No per-invocation flag needed. The same gt sling command adapts automatically.

Common CLI

CommandDescription
gt sling <bead> <rig>Sling bead (direct or deferred, per config)
gt sling <bead>... <rig>Batch sling/schedule multiple beads
gt sling <convoy-id>Sling/schedule all tracked issues in convoy
gt sling <epic-id>Sling/schedule all children of epic
gt scheduler statusShow scheduler state and capacity
gt scheduler listList all scheduled beads by rig
gt scheduler runTrigger dispatch manually
gt scheduler pausePause all dispatch town-wide
gt scheduler resumeResume dispatch
gt scheduler clearRemove beads from scheduler

Minimal Example

gt config set scheduler.max_polecats 5
gt sling gt-abc gastown # Defers: creates sling context bead
gt scheduler status # "Queued: 1 total, 1 ready"
gt scheduler run # Dispatches -> spawns polecat -> closes context

Overview

The scheduler solves back-pressure and capacity control for batched polecat dispatch.

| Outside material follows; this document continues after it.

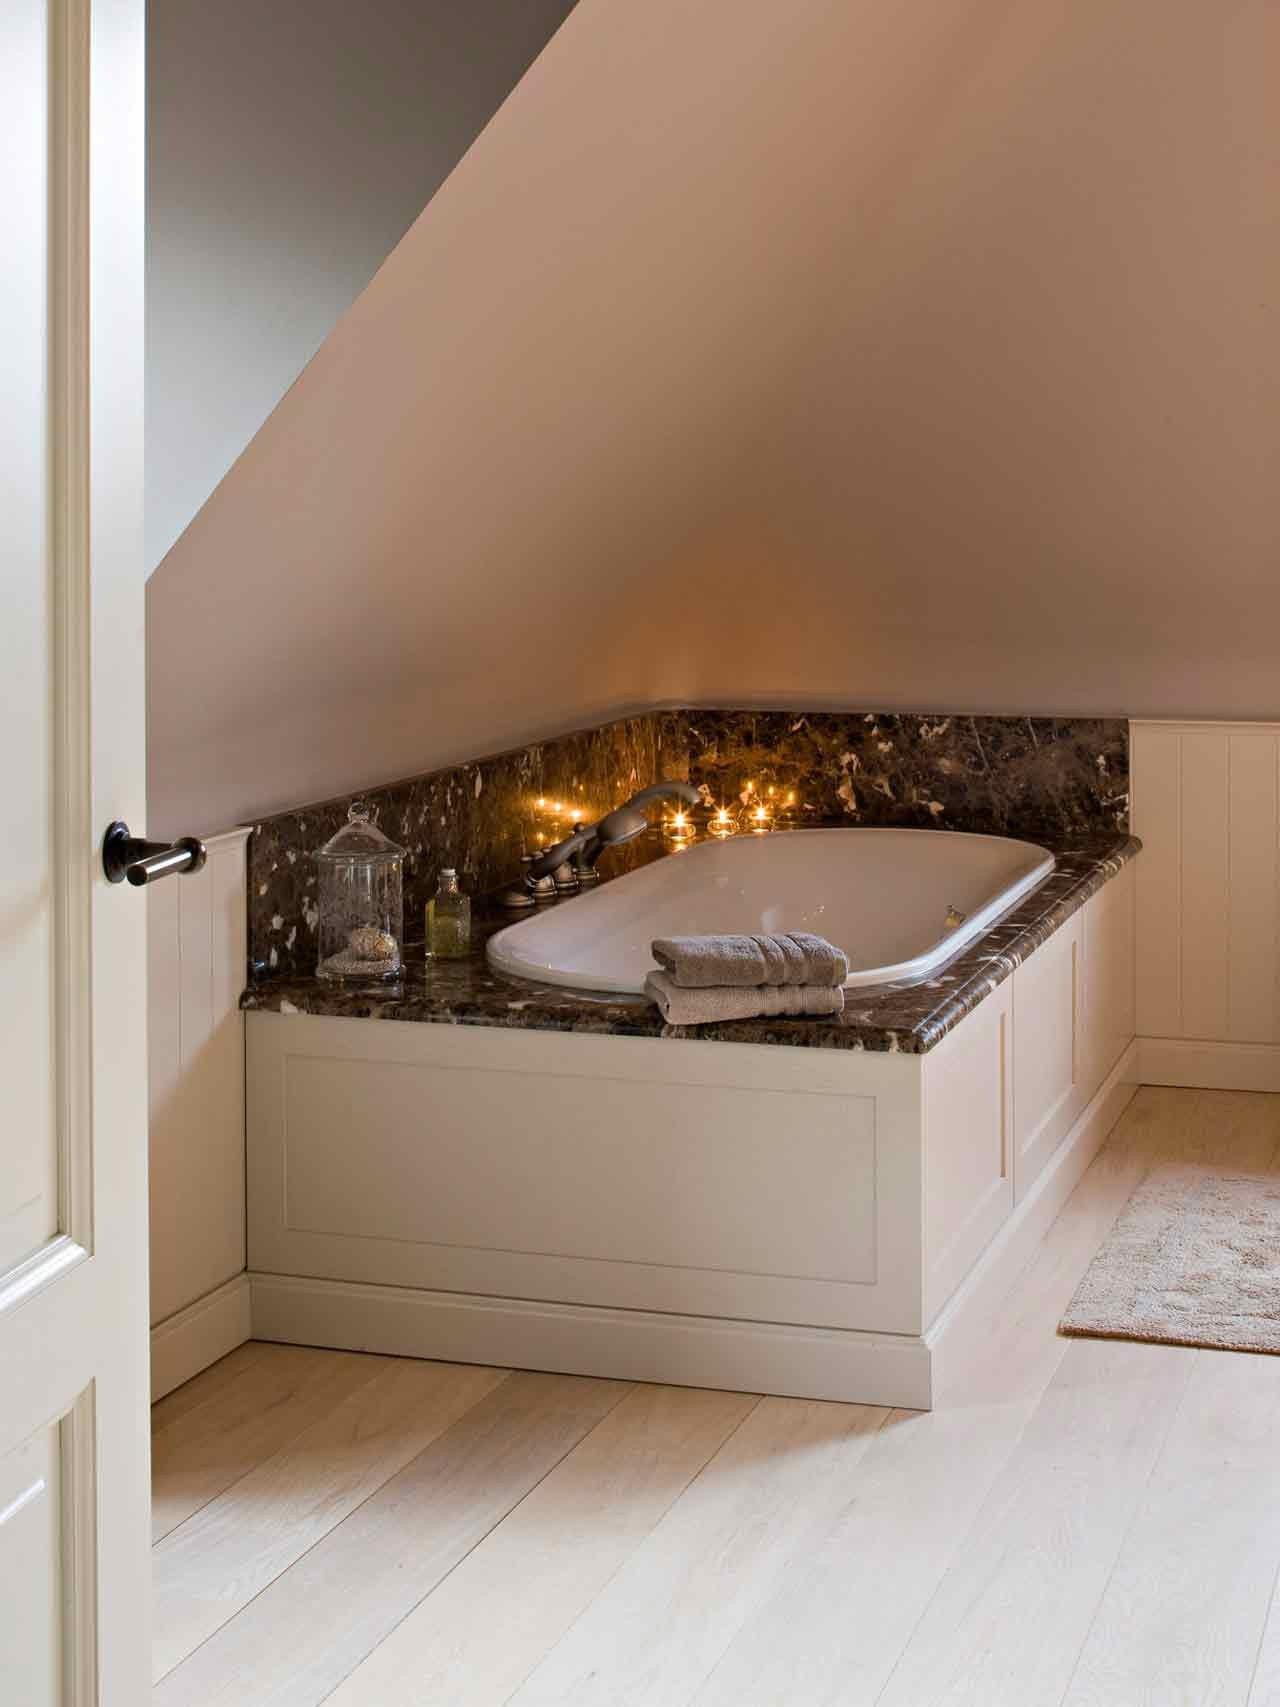 Totaalinrichting-badkamer-landelijk-1.jpg
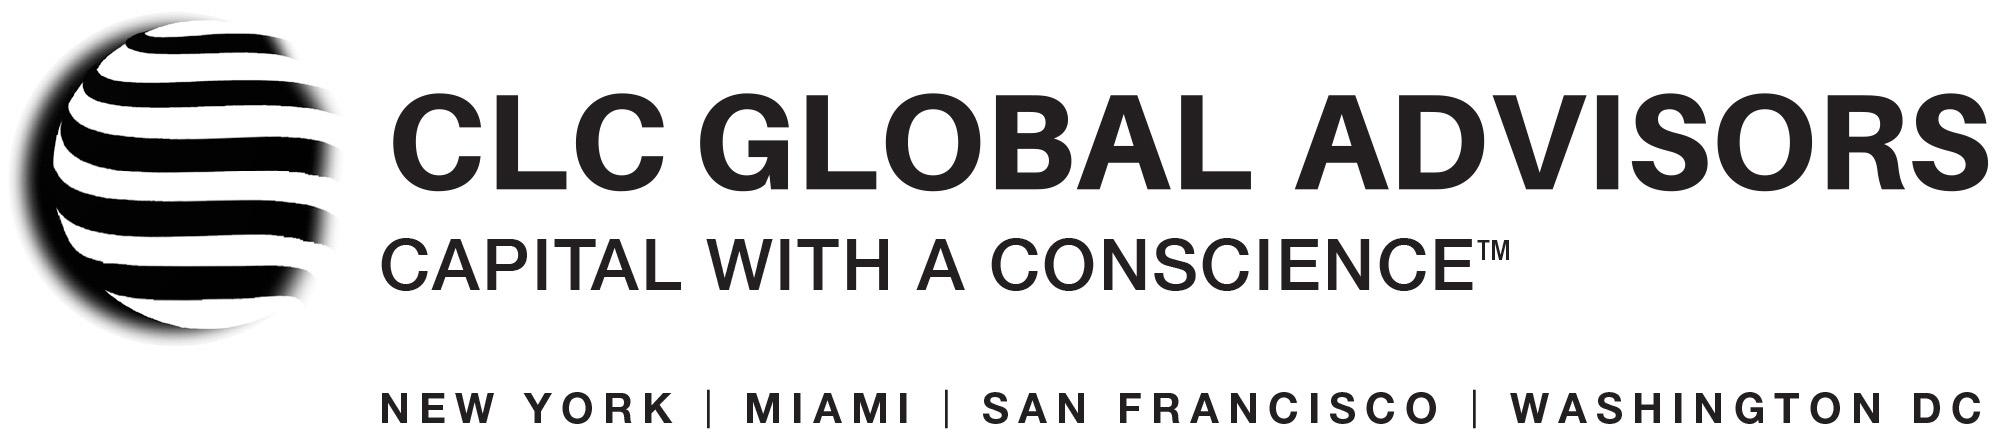 CLC_Logo_Final-1.jpg

Without the scheduler, slinging N beads spawns N polecats simultaneously, exhausting API rate limits, memory, and CPU. The scheduler introduces a governor: beads enter a waiting state and the daemon dispatches them incrementally, respecting a configurable concurrency cap.

The scheduler integrates into the daemon heartbeat as step 14 — after all agent health checks, lifecycle processing, and branch pruning. This ensures the system is healthy before spawning new work.

Daemon heartbeat (every 3 min)
|
+- Steps 0-13: Health checks, agent recovery, cleanup
|
+- Step 14: gt scheduler run (capacity-controlled dispatch)
|
+- flock (exclusive)
+- Check paused state
+- Load config (max_polecats, batch_size)
+- Count active polecats (tmux)
+- Query sling contexts (bd list --label=gt:sling-context)
+- Join with bd ready to determine unblocked beads
+- DispatchCycle.Run() — plan + execute + report
| +- PlanDispatch(availableCapacity, batchSize, ready)
| +- For each planned bead: Execute → OnSuccess/OnFailure
+- Wake rig agents (witness, refinery)
+- Save dispatch state

Sling Context Beads

Scheduling state is stored on separate ephemeral beads called sling contexts. The work bead is never modified by the scheduler.

Each sling context bead:

  • Is created via bd create --ephemeral with label gt:sling-context
  • Has a tracks dependency pointing to the work bead
  • Stores all scheduling parameters as JSON in its description
  • Is closed when dispatch succeeds, the bead is cleared, or the circuit breaker trips

Why Separate Beads?

The previous approach stored scheduling metadata on the work bead's description (delimited block) and used labels (gt:queued) as state signals. This required:

  • Two-step writes with rollback (metadata then label)
  • Description sanitization to avoid delimiter collision
  • Three-step dispatch cleanup (strip metadata + swap labels + retry)
  • Custom key-value format/parse/strip functions (~250 lines)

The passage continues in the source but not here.